• [WHAT THE TASK REQUIRES]: In the records below, repeat exactly the lines between the line holding "The Trouble with" and the line holding "Suede Lemon Yellow", inclusive, and drop the pictures.

• [TASK DATA]:
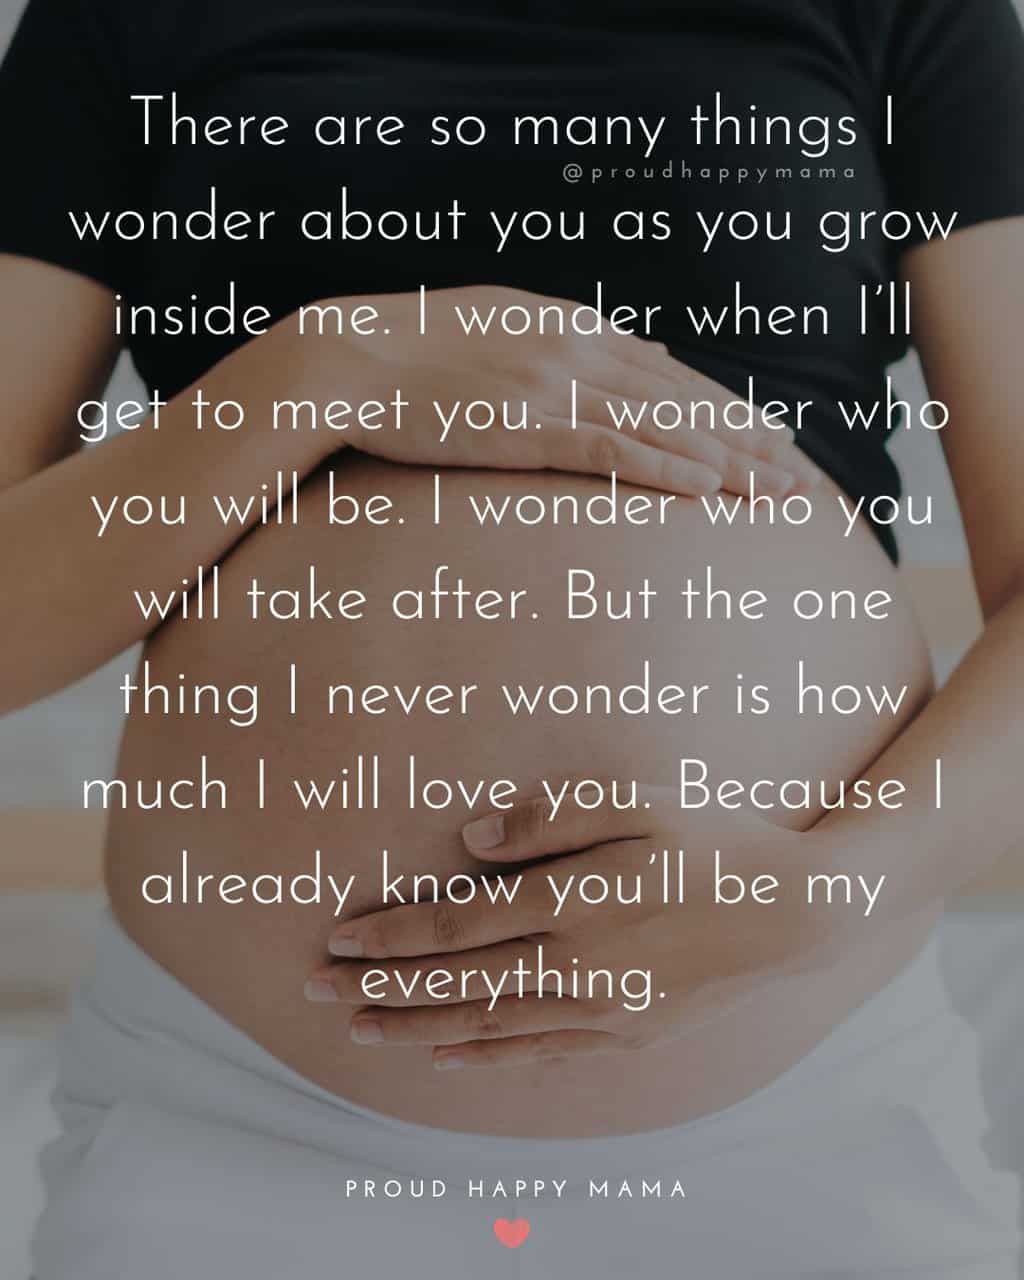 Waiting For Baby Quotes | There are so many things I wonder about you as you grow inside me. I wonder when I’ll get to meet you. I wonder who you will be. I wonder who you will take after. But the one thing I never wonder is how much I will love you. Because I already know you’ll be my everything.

---

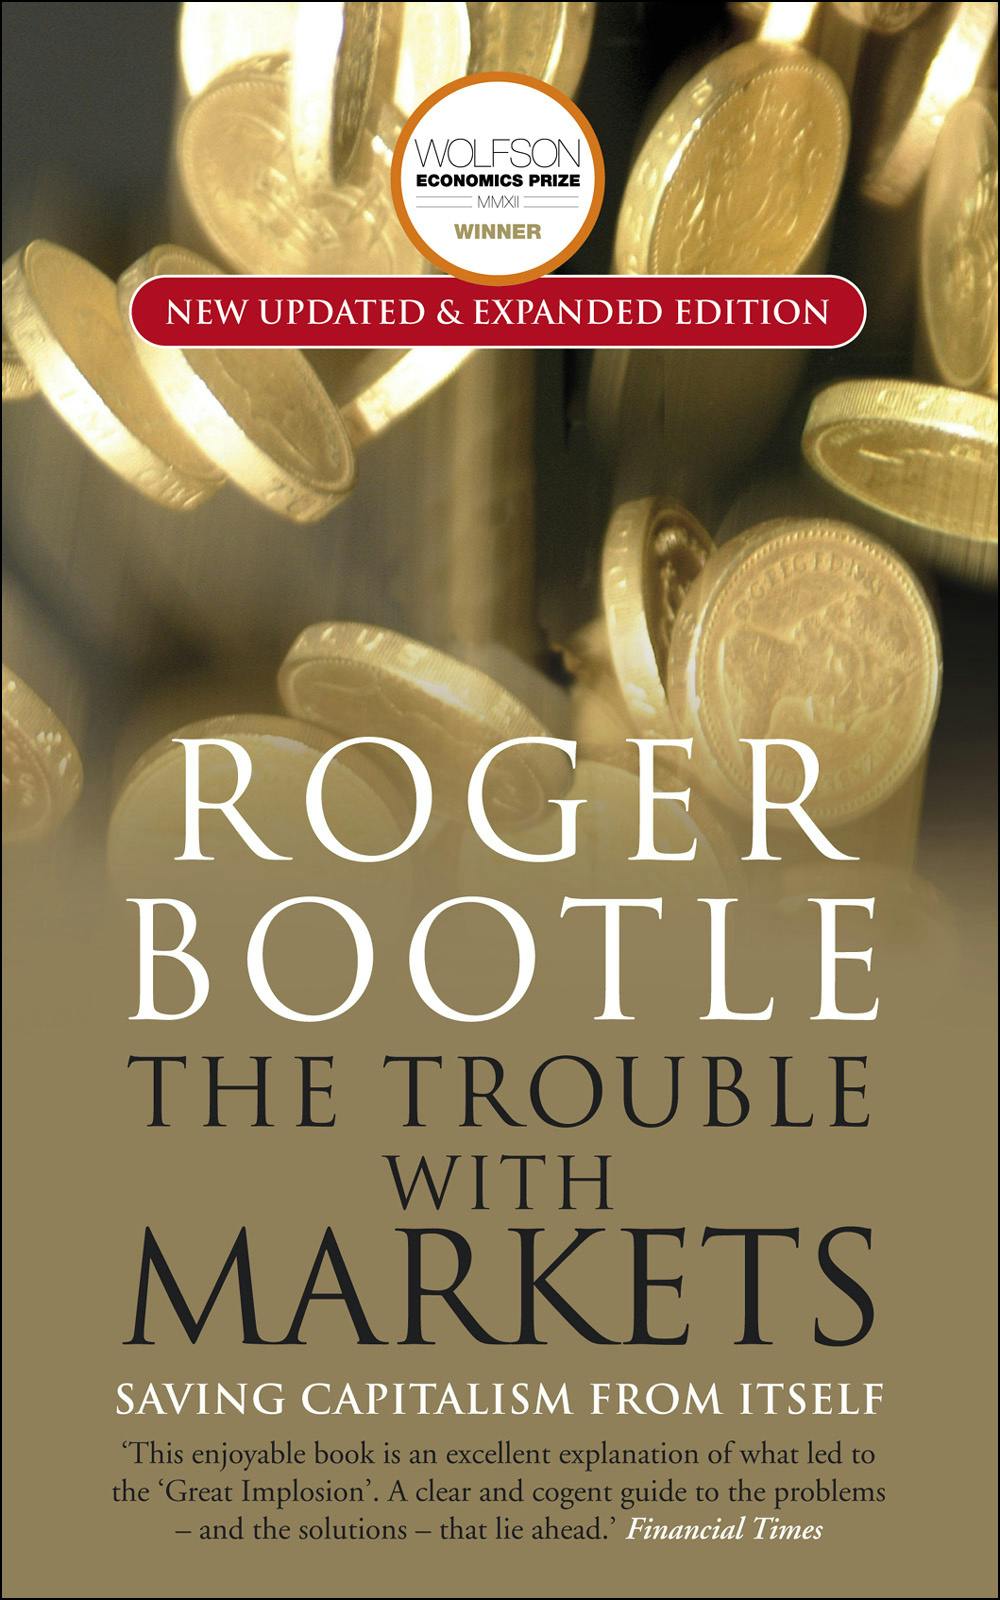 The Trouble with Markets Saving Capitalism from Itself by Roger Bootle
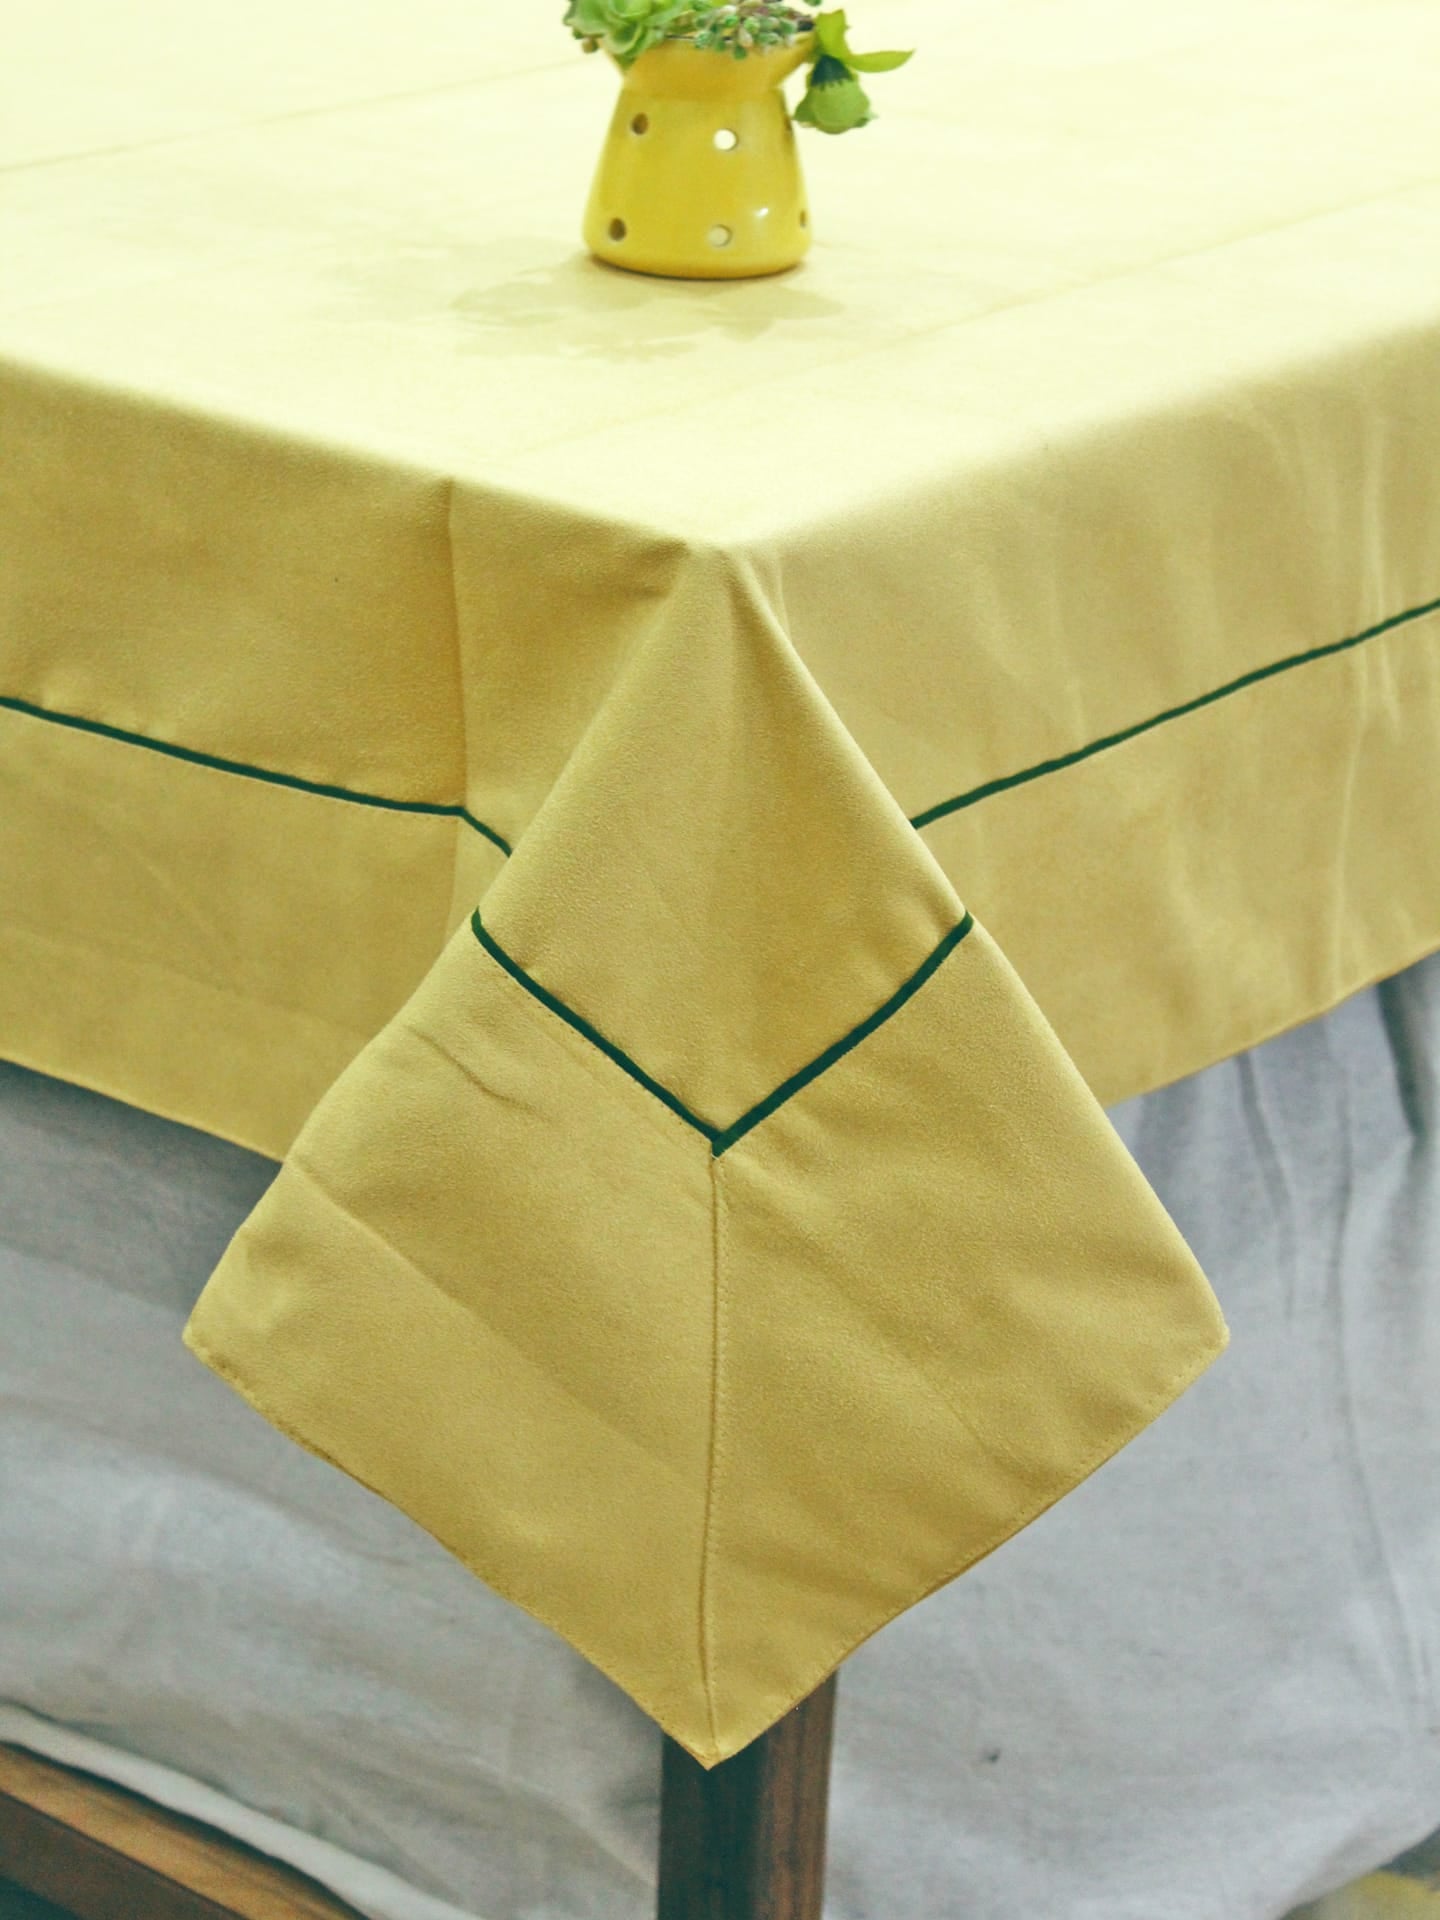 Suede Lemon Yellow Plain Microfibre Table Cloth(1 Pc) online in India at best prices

---

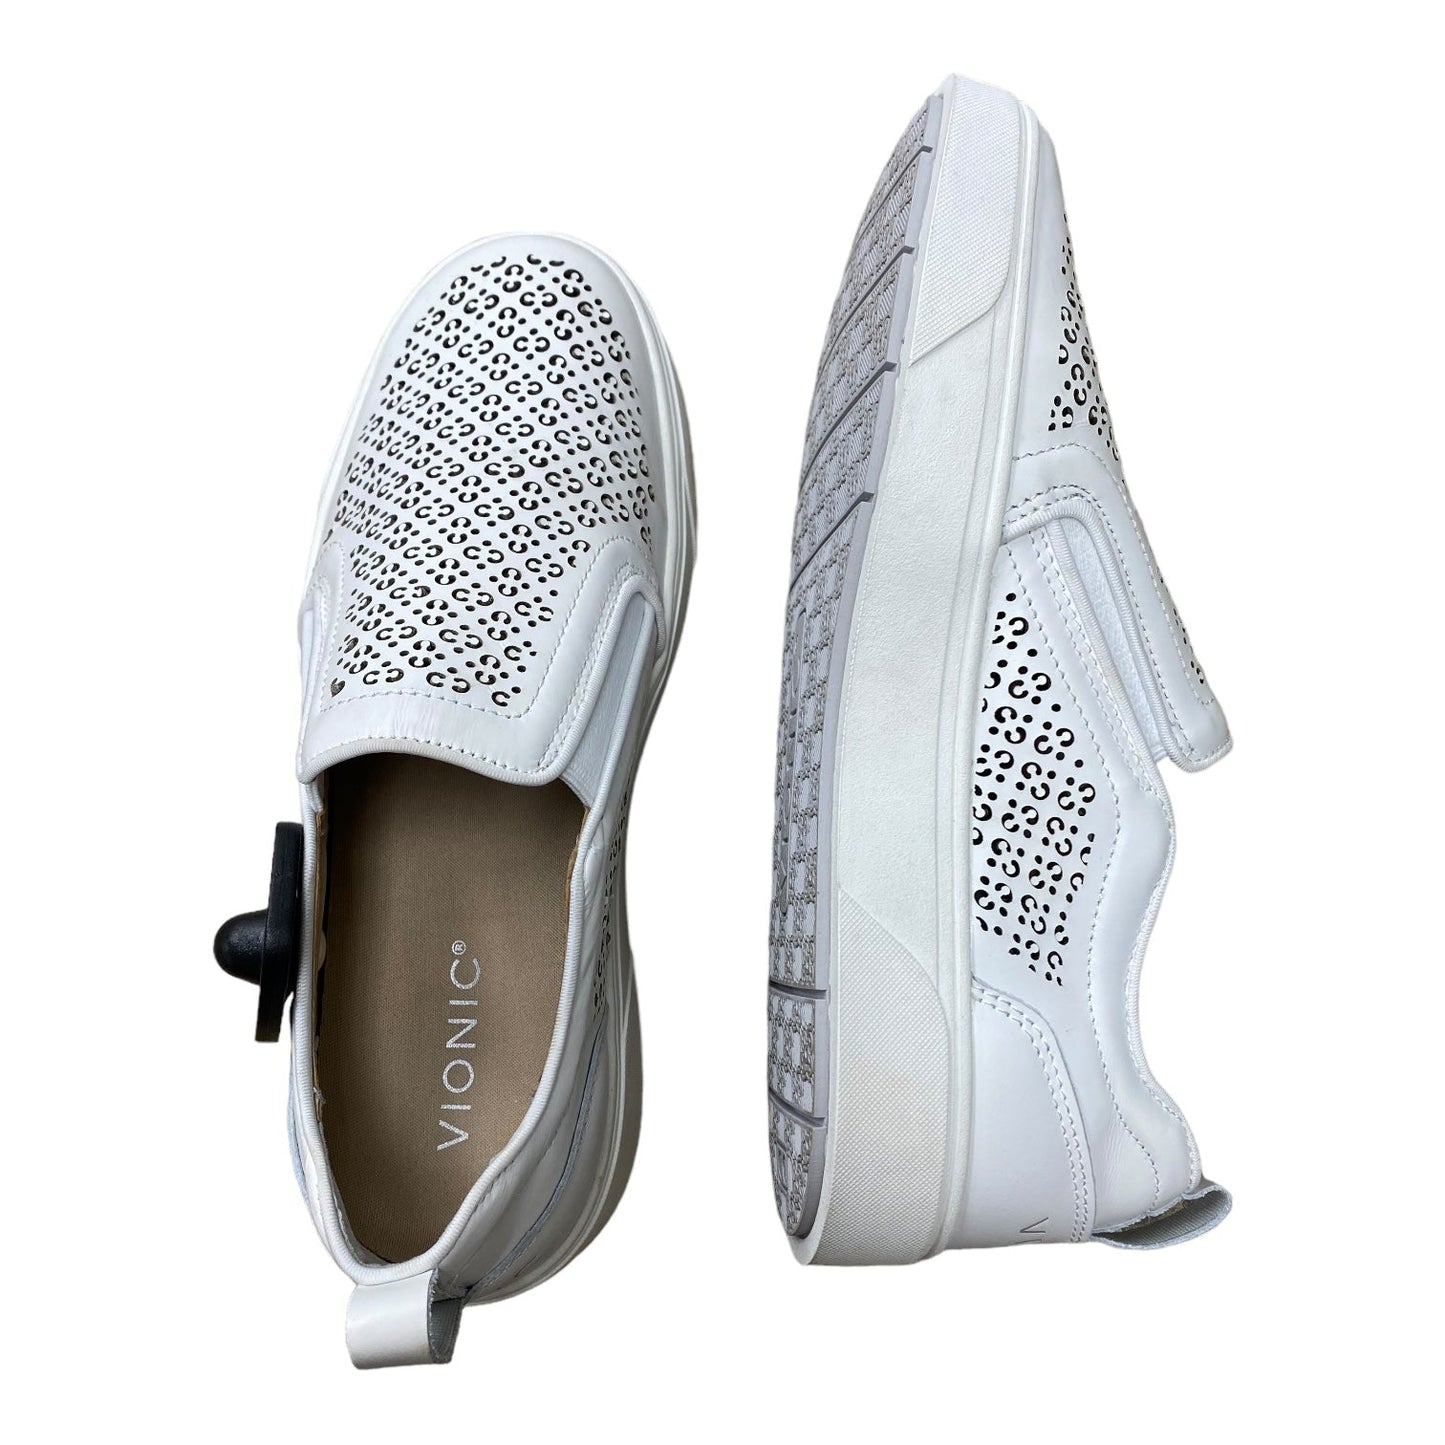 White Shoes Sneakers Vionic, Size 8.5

• [REPLY TO THE TASK]:
 The Trouble with Markets Saving Capitalism from Itself by Roger Bootle
 Suede Lemon Yellow Plain Microfibre Table Cloth(1 Pc) online in India at best prices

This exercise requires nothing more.